Fiala, 85, lebt wieder in seiner Geburtsstadt Wien. Er hält Vorlesungen an der Technischen Universität und hat einige Bücher geschrieben. "Wachstum ohne Grenzen" heißt eines davon. Es ist seine leicht verspätete Antwort auf den Club of Rome, der das Wachstum in die Schmuddelecke verbannt habe, in der es bis heute stehe. Unter der Rubrik Provokation hat er auf seiner Homepage Thesen zusammengestellt, die dem Zeitgeist vors Schienbein treten. Dass es genug Rohstoffe für alle Menschen und Generationen gebe, dass die Energie unerschöpflich sei. "Ich provoziere gern", sagt Fiala, "weil ich auf Widerspruch hoffe." Zimmermann tat ihm den Gefallen. Dafür hat Fiala auf seine Art sogar Verständnis. "Ein Politiker muss sich profilieren. Wie kann er das tun? Indem er in das allgemeine Geheul einstimmt", sagt er und schiebt charmant hinterher: "War das jetzt zu provokant?"

Zimmermann kündigte seine Umwelt-Offensive 1983 mit den Worten an: "Der Patient Wald ist krank. Wir müssen mit der Behandlung beginnen, ohne die Ursache der Krankheit genau zu kennen." Ob es dem Wald heute besser geht als vor dreißig Jahren, ist eine Frage, über die noch immer gestritten wird. Dass die Debatte um das Waldsterben etwas Apokalyptisches hatte, dürfte dagegen niemand bestreiten.

So brachial Zimmermann über die Einwände der Auto-Industrie hinwegging, so fest saßen sie in den Hinterköpfen der Autofahrer.
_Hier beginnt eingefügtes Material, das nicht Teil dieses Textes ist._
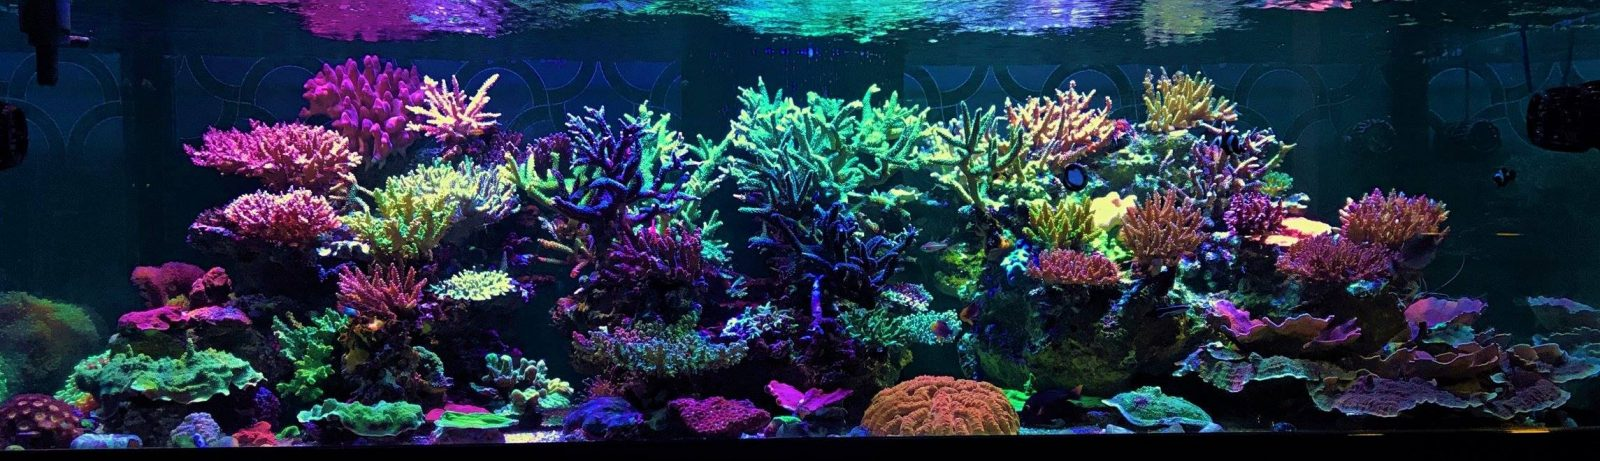 όμορφο φωτισμό δεξαμενών κοραλλιών
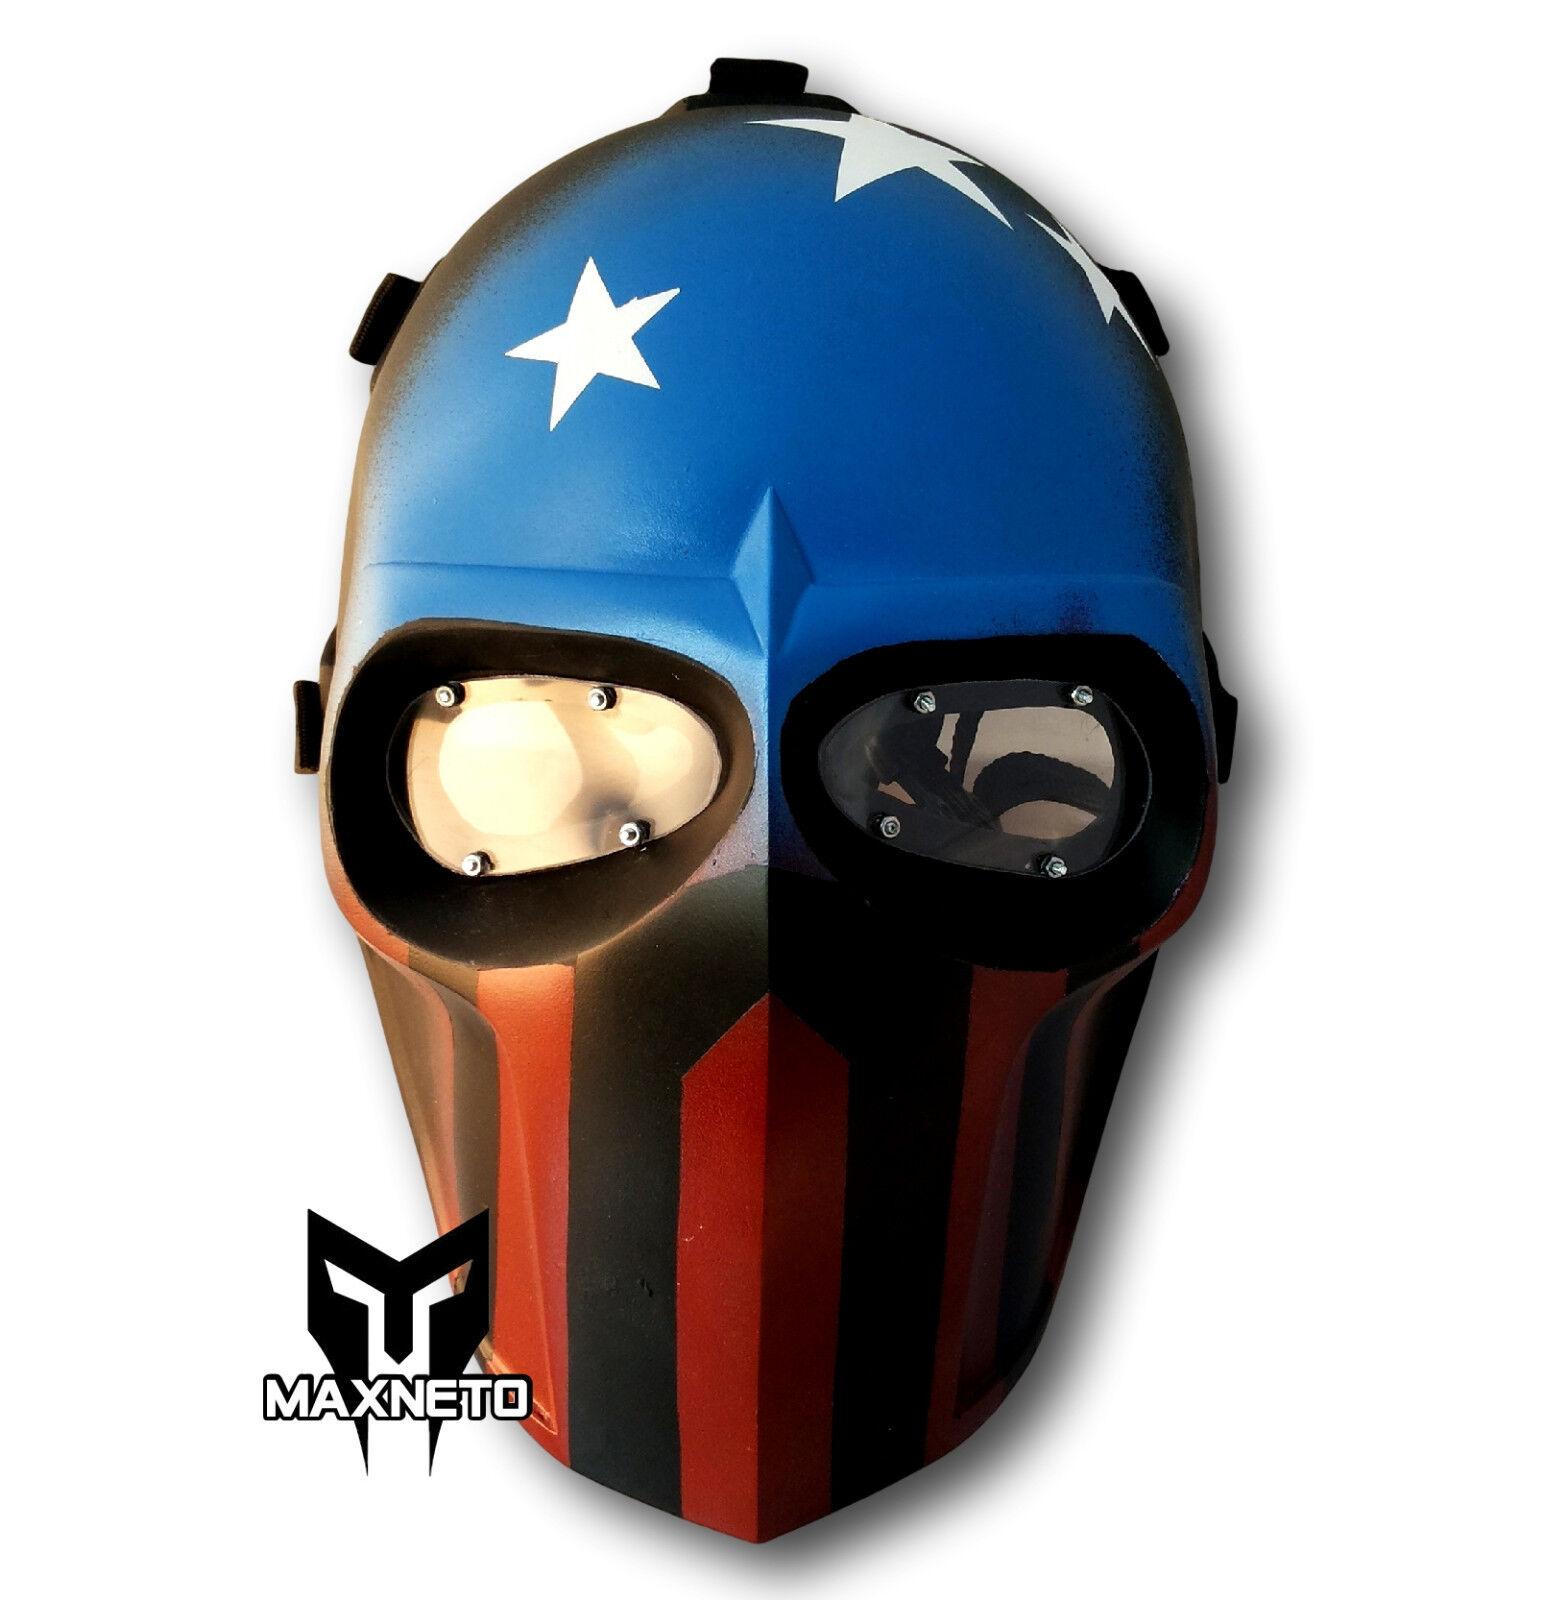 Soporte inferior maxneto Táctico de Paintball Airsoft Pistola Equipo De Projoección Casco MásCochea Capitán

Im Zweifel, ob das eigene Auto dem neuen Sprit gewachsen sei, entschieden sich die meisten für das Altbekannte; dass das Benzin ohne Blei bis 1986 teurer war als das Benzin mit, tat ein Übriges. Es dauerte noch Jahre, bis eine Tankstelle, die das Bleifreie einführte, keine Meldung in der Zeitung mehr wert war. Auch die Gesetze, die den Katalysator vorschrieben und das Blei endgültig aus dem Benzin vertrieben, mussten sich etappenweise durch mühsame EG-Verhandlungen kämpfen. Europaweit wurde das bleihaltige Benzin erst im Jahr 2000 verboten.